WHAT YOU WILL DO:
Write out the data word for word and drop any picture you find.

DATA SEGMENT:
★ ★ ★ ★ ★

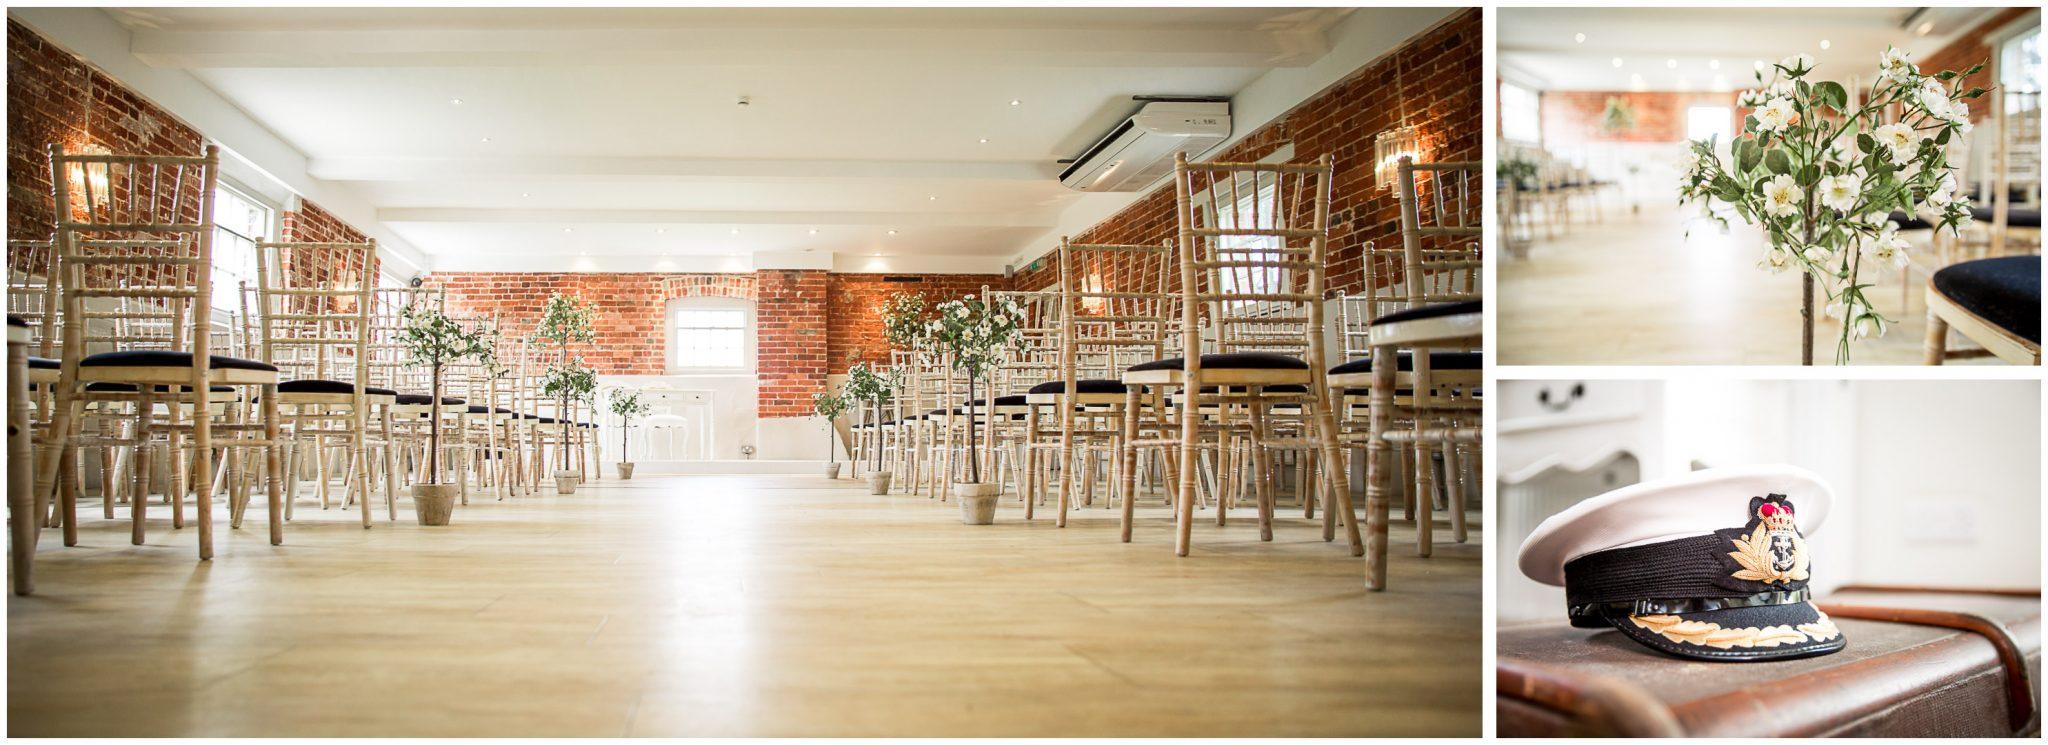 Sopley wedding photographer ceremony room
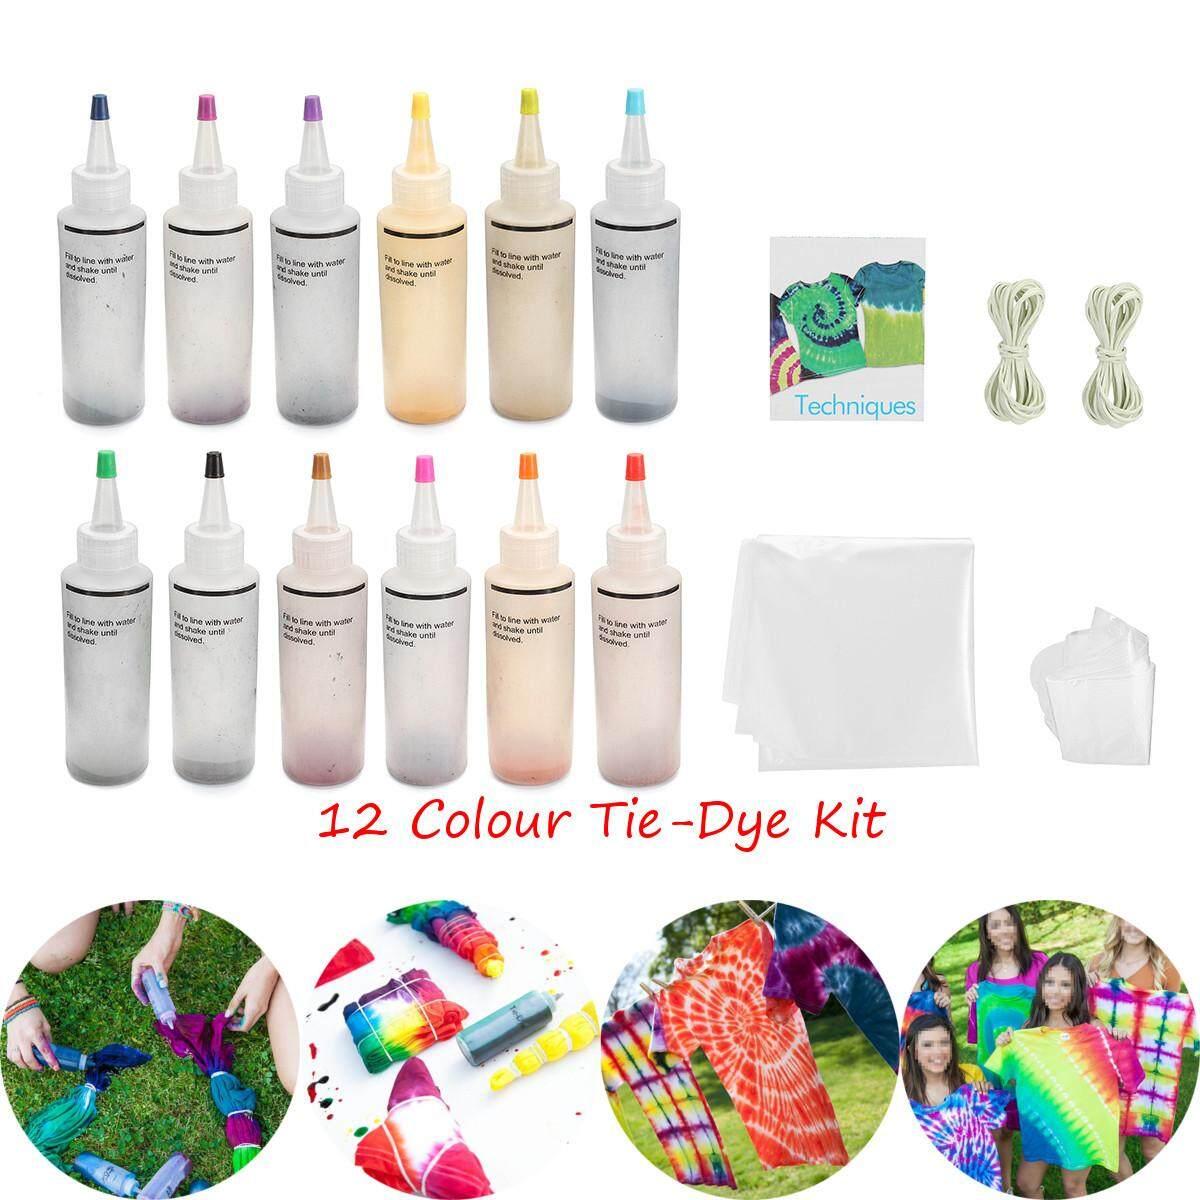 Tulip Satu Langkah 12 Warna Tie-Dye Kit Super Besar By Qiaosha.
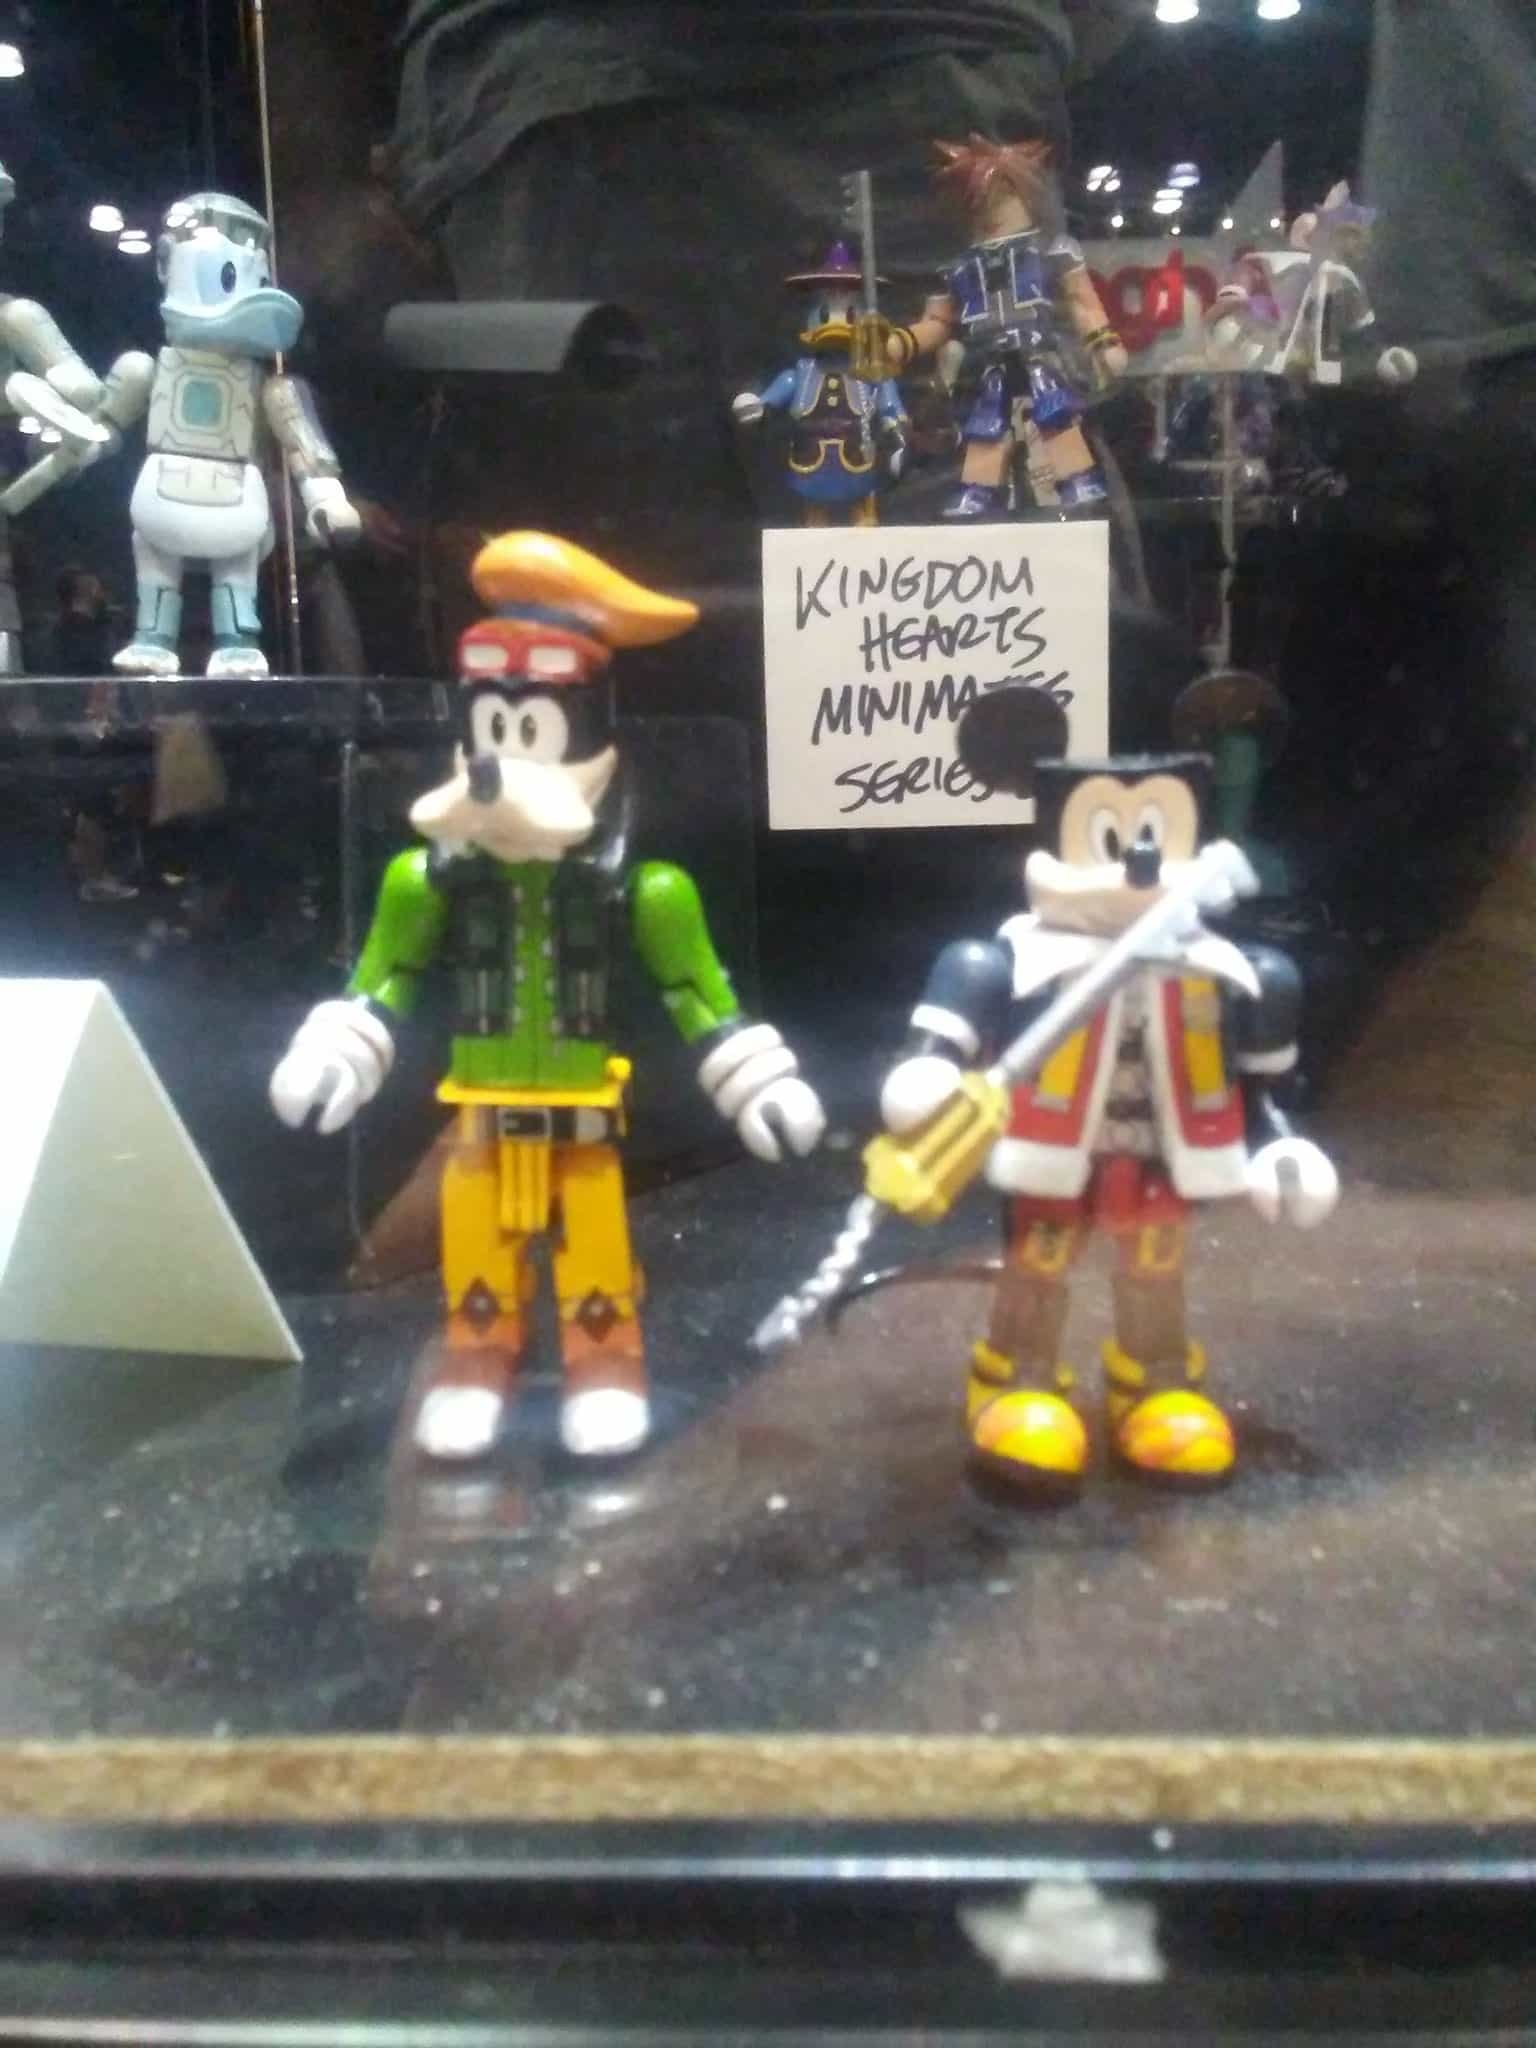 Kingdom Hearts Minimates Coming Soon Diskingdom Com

★ ★ ★ ★ ★

OUTPUT OF THE TASK:
 Sopley wedding photographer ceremony room
 Tulip Satu Langkah 12 Warna Tie-Dye Kit Super Besar By Qiaosha.
 Kingdom Hearts Minimates Coming Soon Diskingdom Com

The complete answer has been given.